We supported Chris Zapata because current conditions in Anaheim make a change in leadership potentially disastrous.

  • Chris Zapata was central to drafting our Budget for FY 2020/21, which must be completed and approved by the end of June. Staff was already burdened with closing significant budget gaps from the deficit spending of our Council colleagues who had been draining our reserve funds prior to the crisis, despite our opposition. Now staff must close those gaps with reduced revenue to back-fill that deficit, and do it all without meeting face-to-face for efficient collaboration. How could we ask this of our professionals?
  • Chris Zapata had the most experience dealing with a sports stadium negotiation, which we have not yet completed. Our views on the value of professional baseball to Anaheim taxpayers were rooted in transactions of past seasons. Professional sports may not be the same again for many years. Stakeholders have expressed doubt at Mayor Sidhu’s ability to get the best value for the people of Anaheim during these negotiations with the ball club, and our best chance for navigating the darkness of these unprecedented times has just been shown the door. How is this in the best interest of the taxpayers of Anaheim?
  • Chris Zapata was guiding our City through an international pandemic, working hard to provide safety and resources for residents, businesses, and City staff, including our first responders. It appears he was trying to keep scarce, remaining reserve funds directed to where they are most needed, rather than into the pockets of special interests. The Mayor claims there is never a good time to change City Managers, but there are worse times than others, and wise leaders know the difference.

The Mayor and his Council majority justify the removal of Chris Zapata with the claim of a “new direction” for Anaheim. To date they have failed to articulate that new direction. We certainly need a fresh vision for our city. The standards on which we have operated since the Mayor took office in December 2018 have resulted in less transparency and accountability at City Hall, and an environment of even more hostility than we had endured in the past, while drawing down the reserve funds left to us by the prior administration under Mayor Tom Tait.  These issues call for change, but they were not the fault of the City Manager.

What can you do?

Recognize that if you live in an area of Anaheim other than District 1, or District 3, then your Councilmember voted for this, and you can hold them to account for that choice. Demand that they do a better job of explaining their vote than the dismissive replies they offered on April 21st.

As public officials, we work for you. We are deciding where your tax dollars will be spent. But we answer to you only when you speak up and demand an accounting of pure motive and wise stewardship of funds by this elected body.

The Mayor and his Council majority removed a committed public servant with the excuse that they are seeking a new direction. They have failed to note that the people of Anaheim have the ability to send the same message to them.

Councilmember Denise Barnes (West Anaheim District 1) – In 2016, the voters of West Anaheim chose Denise Barnes to represent Council District 1 in Anaheim’s first by-district elections. Councilmember Barnes has focused on improving the quality of life for this long-neglected section of Anaheim, by directing resources for parks, homelessness, senior citizens, and the revitalization of commercial corridors. She championed the critical approval of the Beach Blvd Specific Plan, and development to see that vision to reality.

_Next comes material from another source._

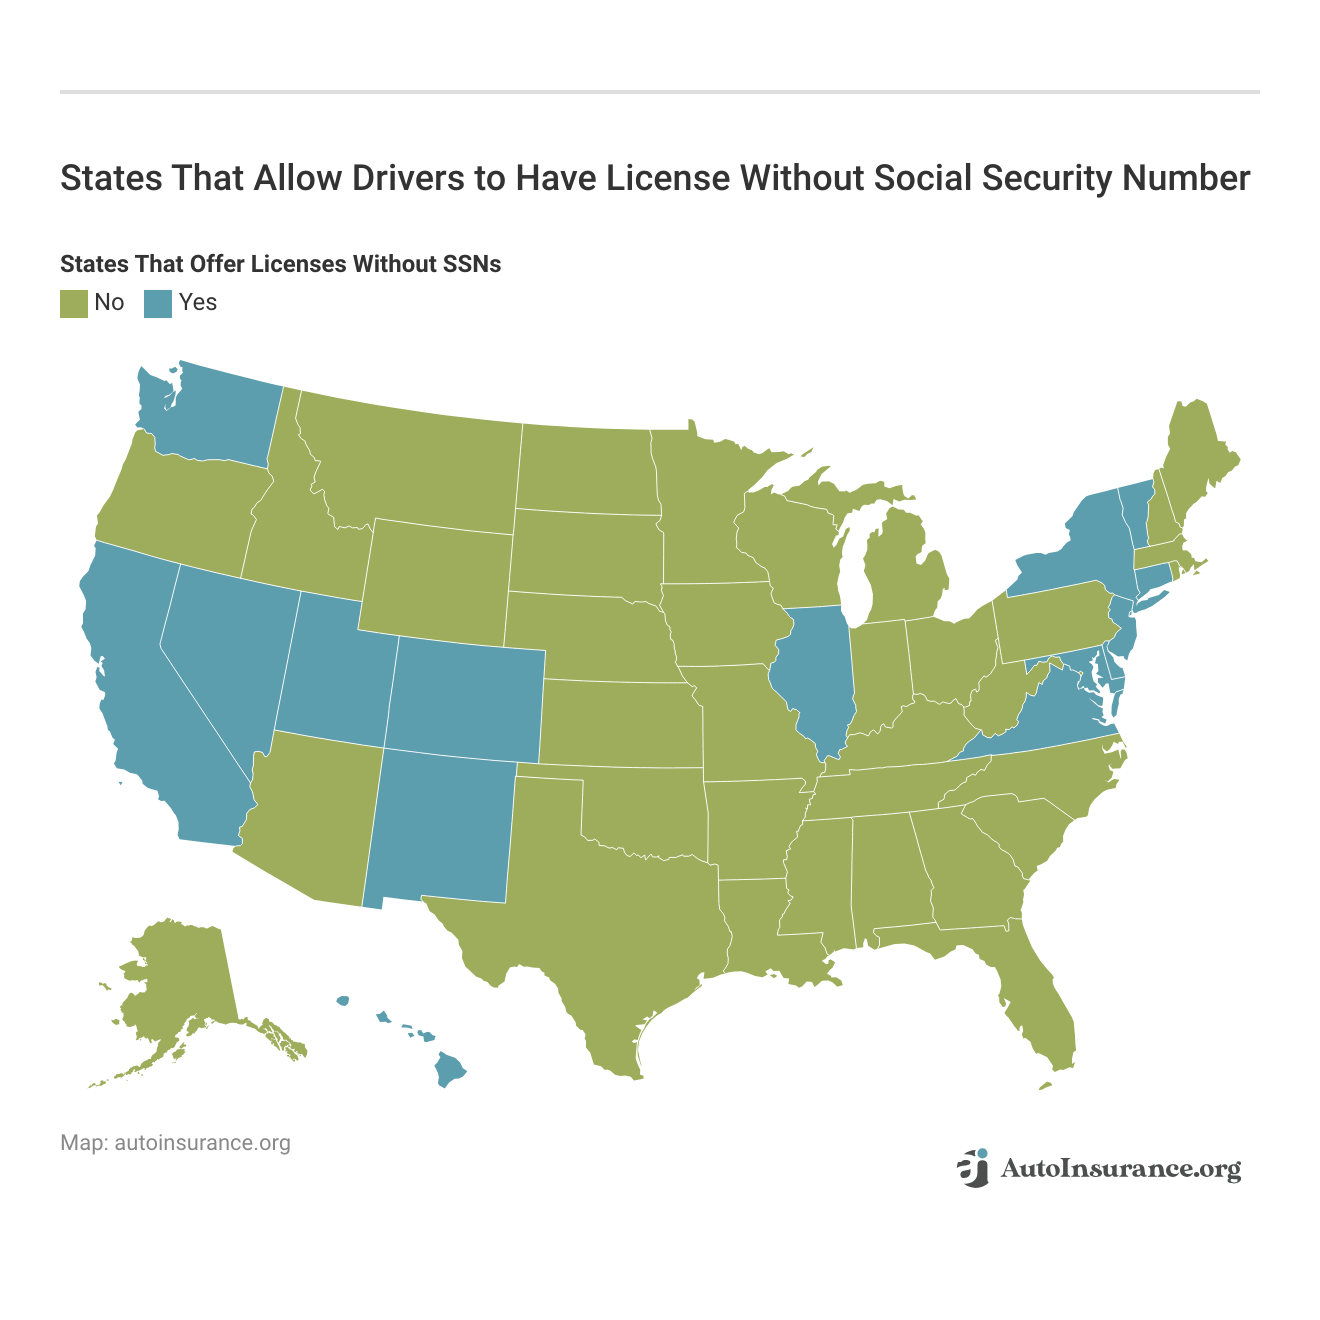 <h3>States That Allow Drivers to Have License Without Social Security Number</h3>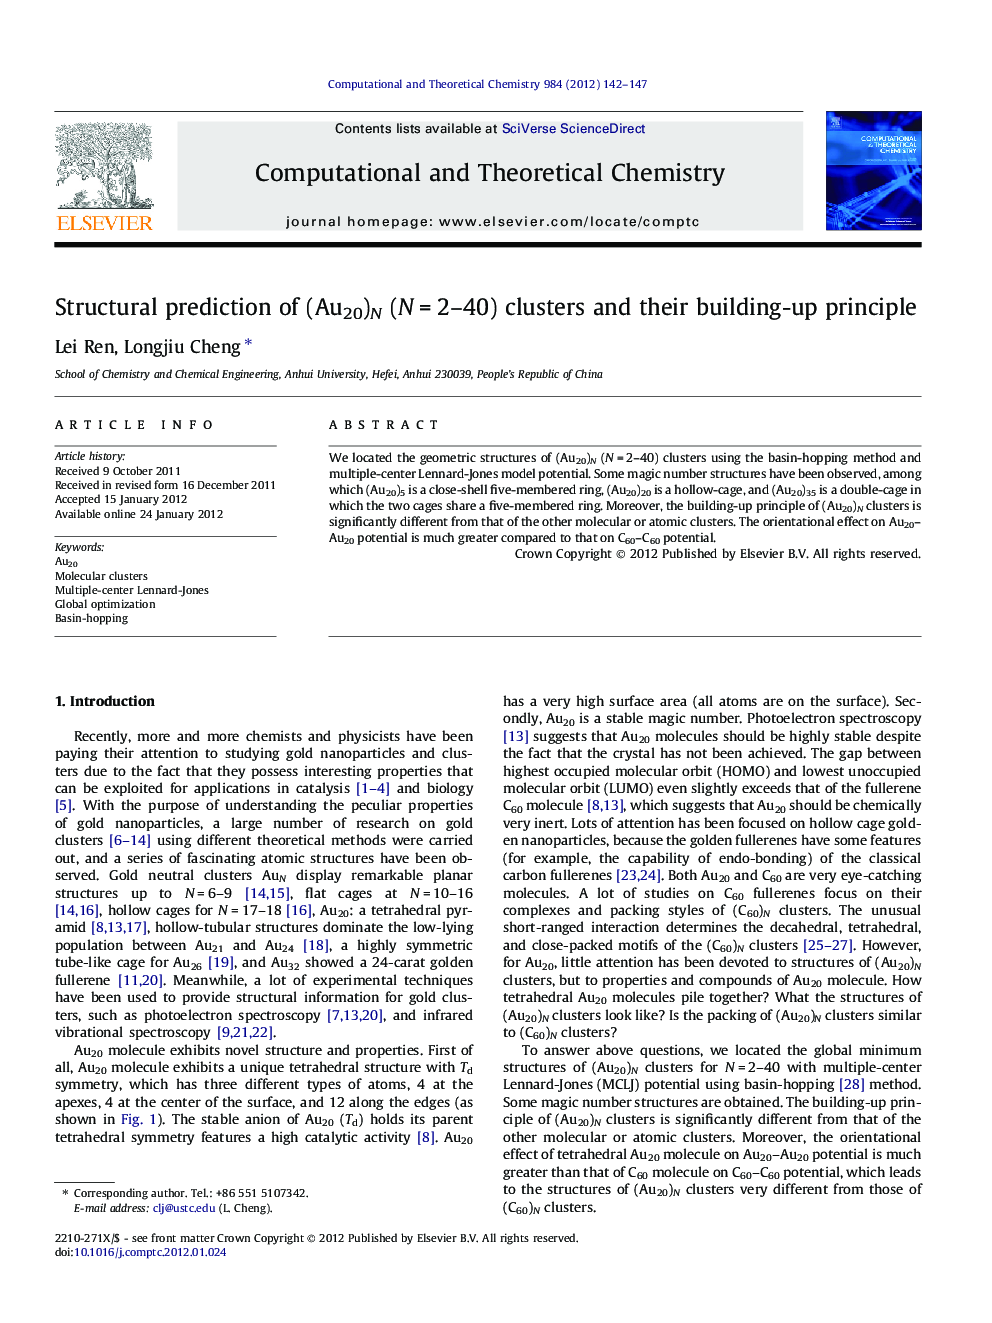 Structural prediction of (Au20)N (NÂ =Â 2-40) clusters and their building-up principle

Councilmember Jose Moreno (North-Central Anaheim District 3) – Councilmember Moreno was elected as the first by-district representative for north-central Anaheim’s Council District 3, and re-elected to the office in 2018. Representing the oldest section of Anaheim, Moreno’s focus balances the need to invest in aging infrastructure, with a vision for social and economic prosperity for all residents and businesses.

Dr. Moreno is an associate professor in the Department of Chicano and Latino Studies at CSULB. He received his Bachelor’s Degree from UCI, and earned his Master’s and Doctorate in Administration, Planning, and Social Policy from Harvard University.